* _Exercise requirements_
Go to the line below that has "Furniture Summerland 3pc", print it and each line after it exactly, and stop after the line that has "Bandon State Natural"; leave out pictures.

* _Given records_
──────────────────────────────
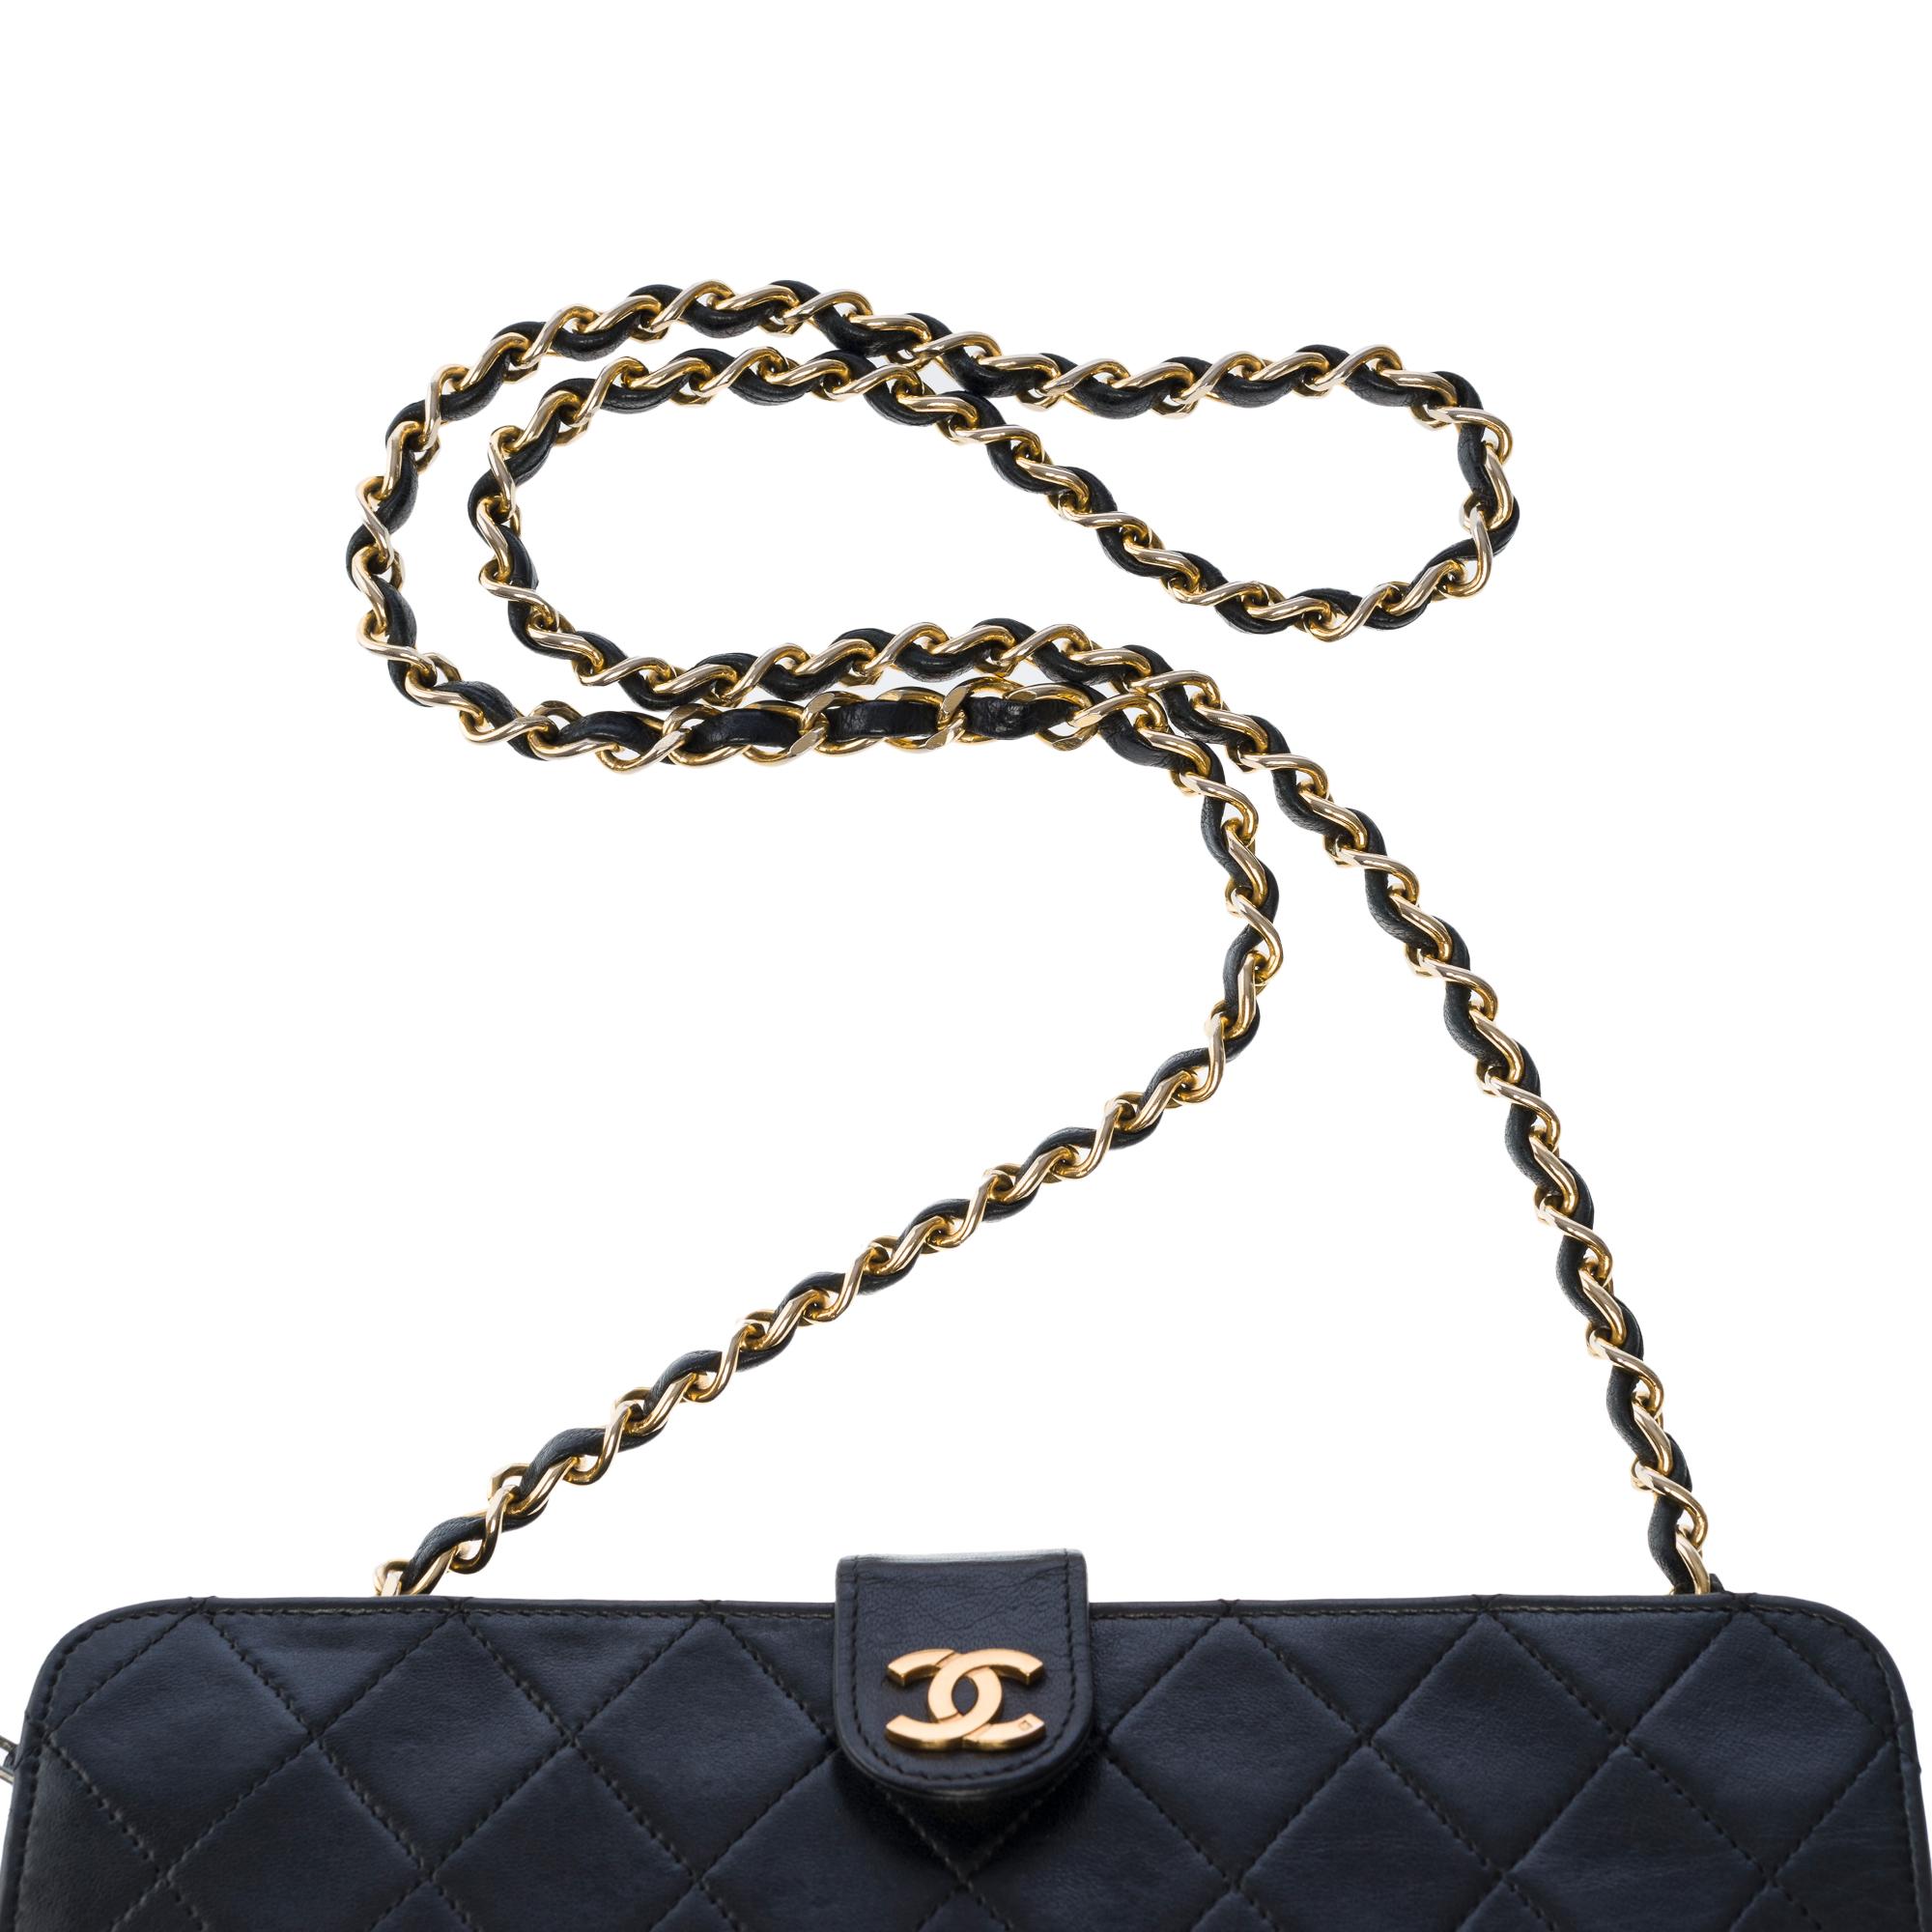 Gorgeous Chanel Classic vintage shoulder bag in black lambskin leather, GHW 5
──────────────────────────────
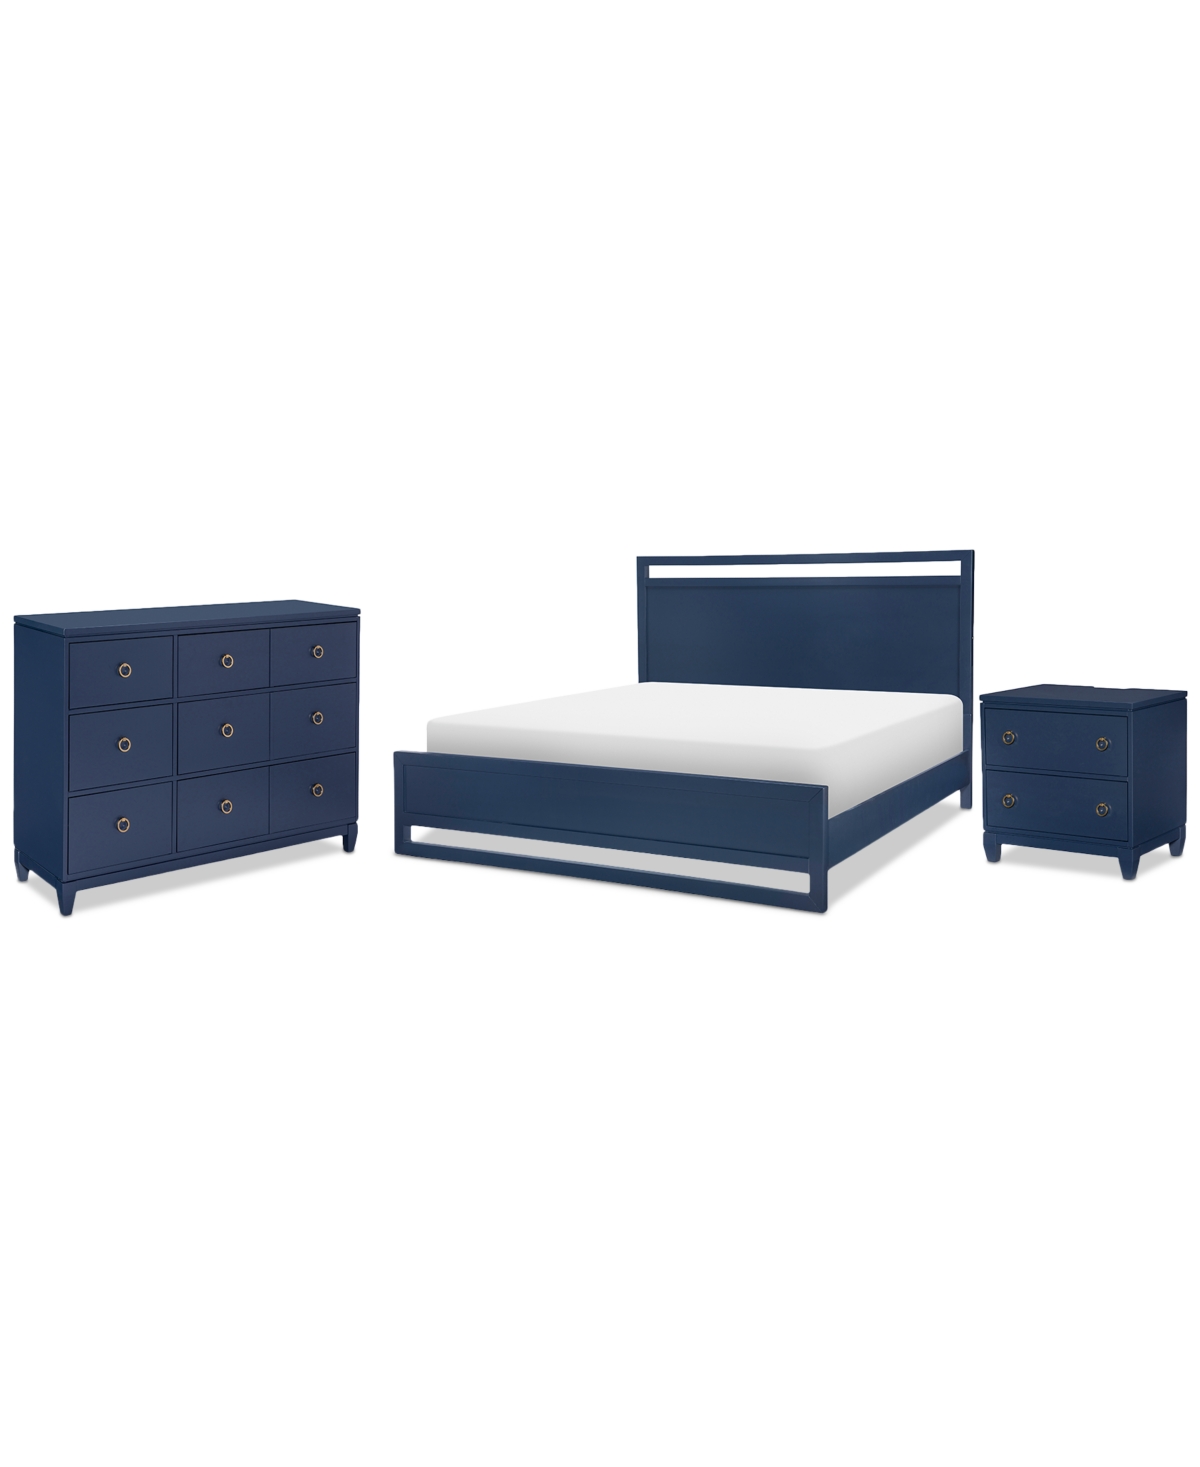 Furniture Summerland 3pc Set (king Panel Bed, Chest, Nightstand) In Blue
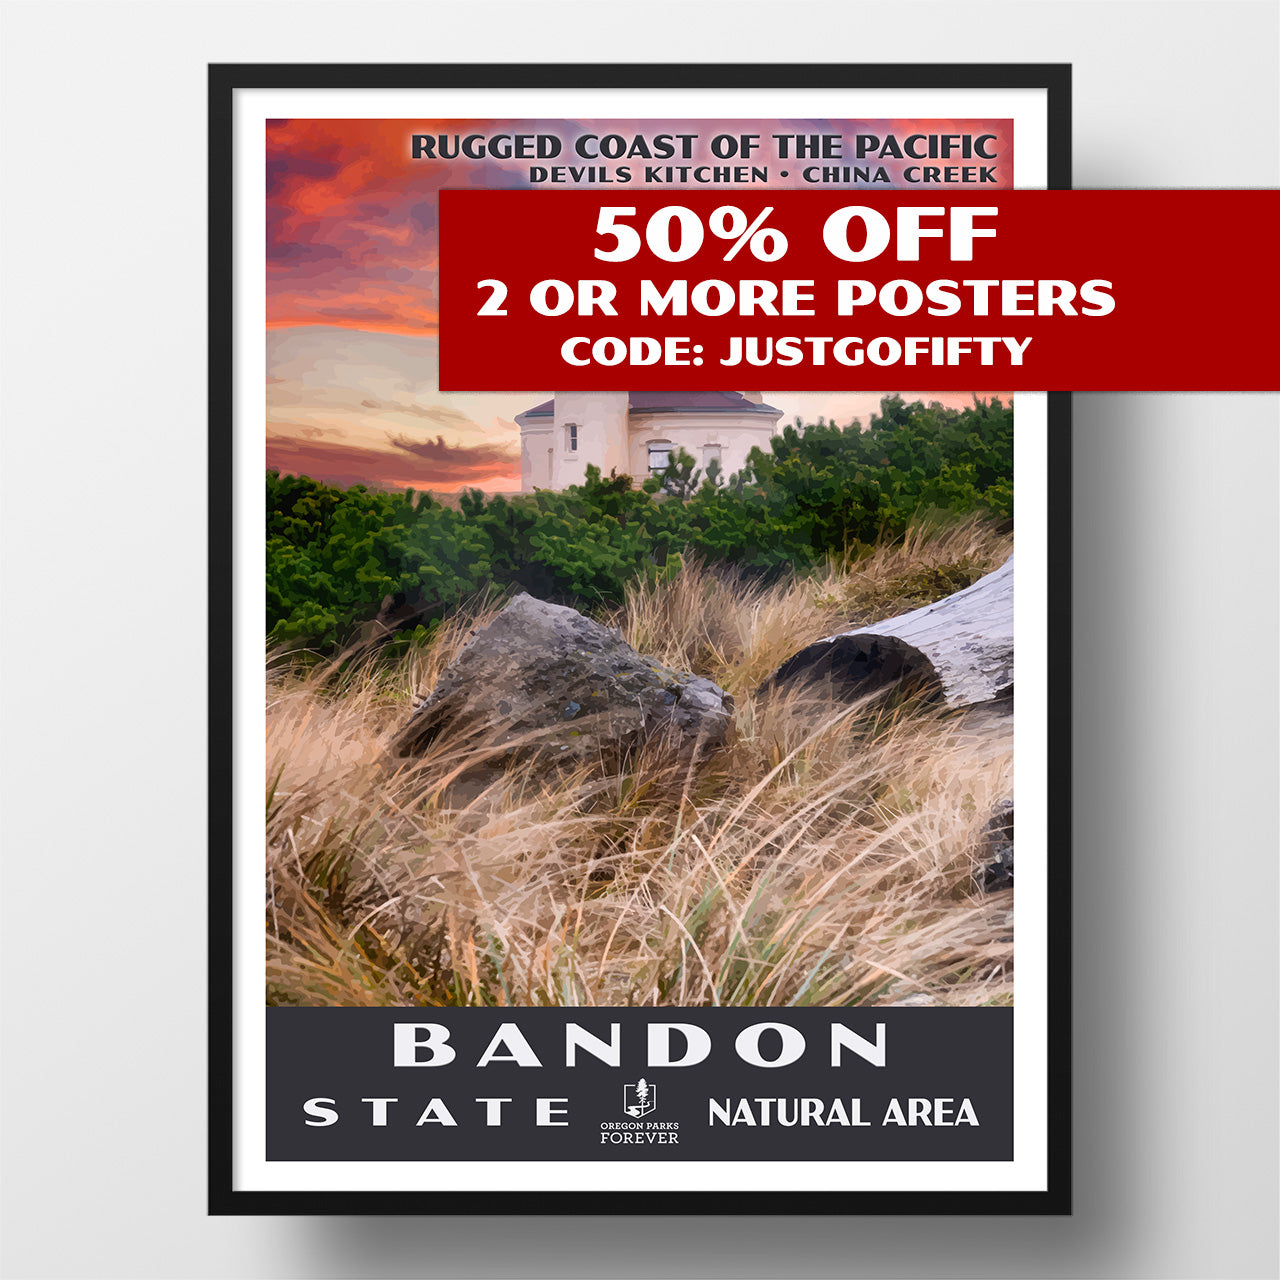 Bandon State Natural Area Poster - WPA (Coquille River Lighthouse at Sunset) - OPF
──────────────────────────────
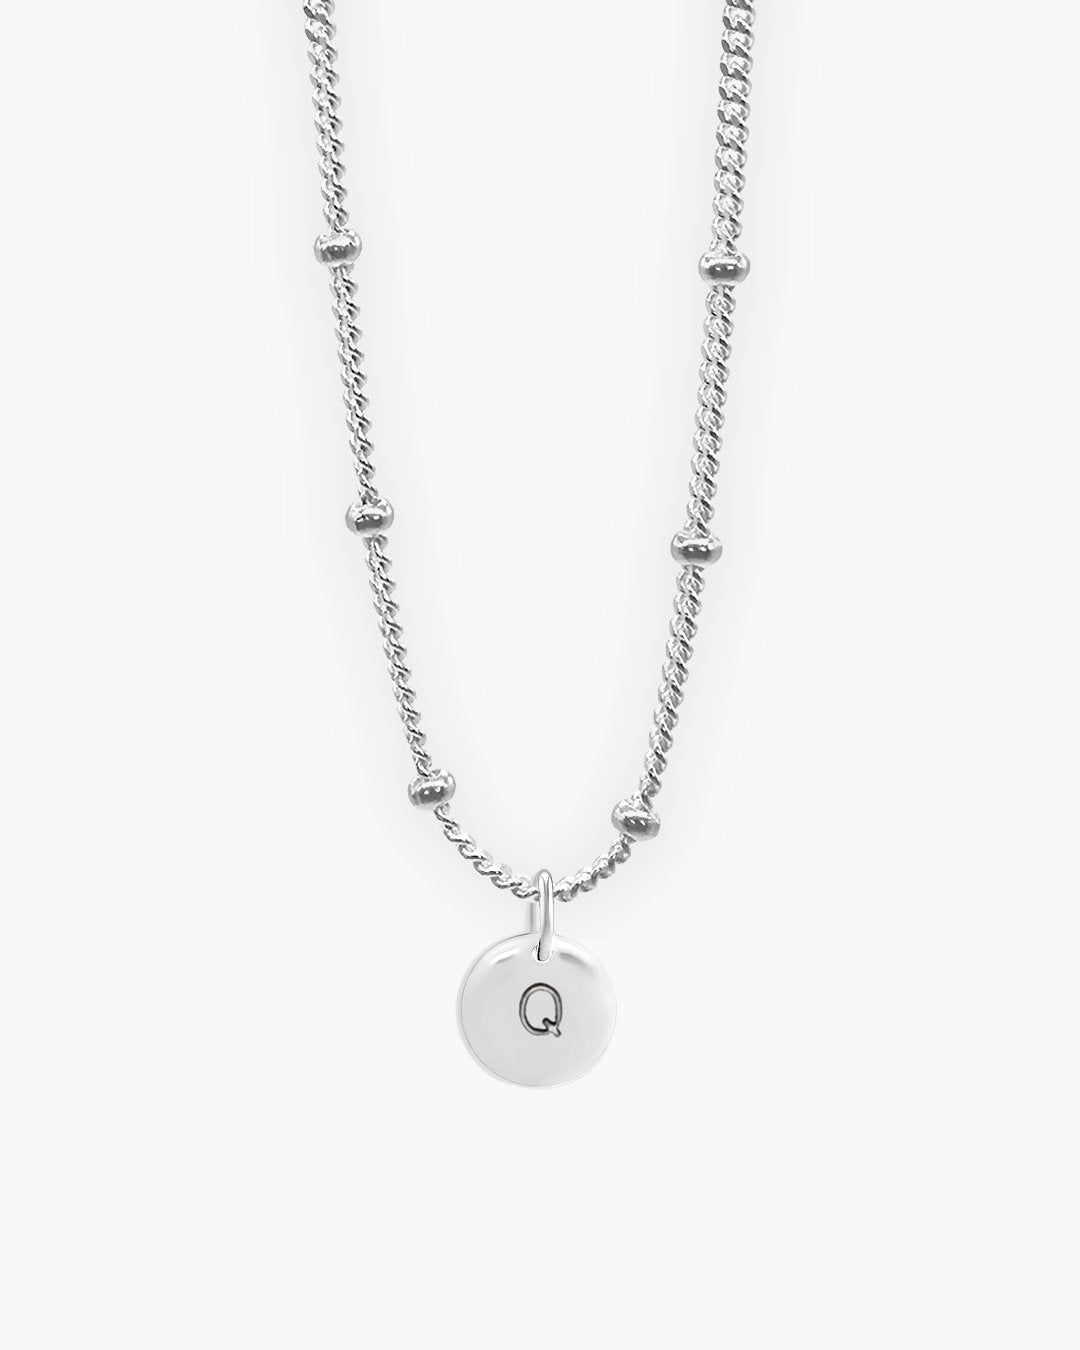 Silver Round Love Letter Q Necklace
──────────────────────────────
* _Output for this exercise_
 Furniture Summerland 3pc Set (king Panel Bed, Chest, Nightstand) In Blue
 Bandon State Natural Area Poster - WPA (Coquille River Lighthouse at Sunset) - OPF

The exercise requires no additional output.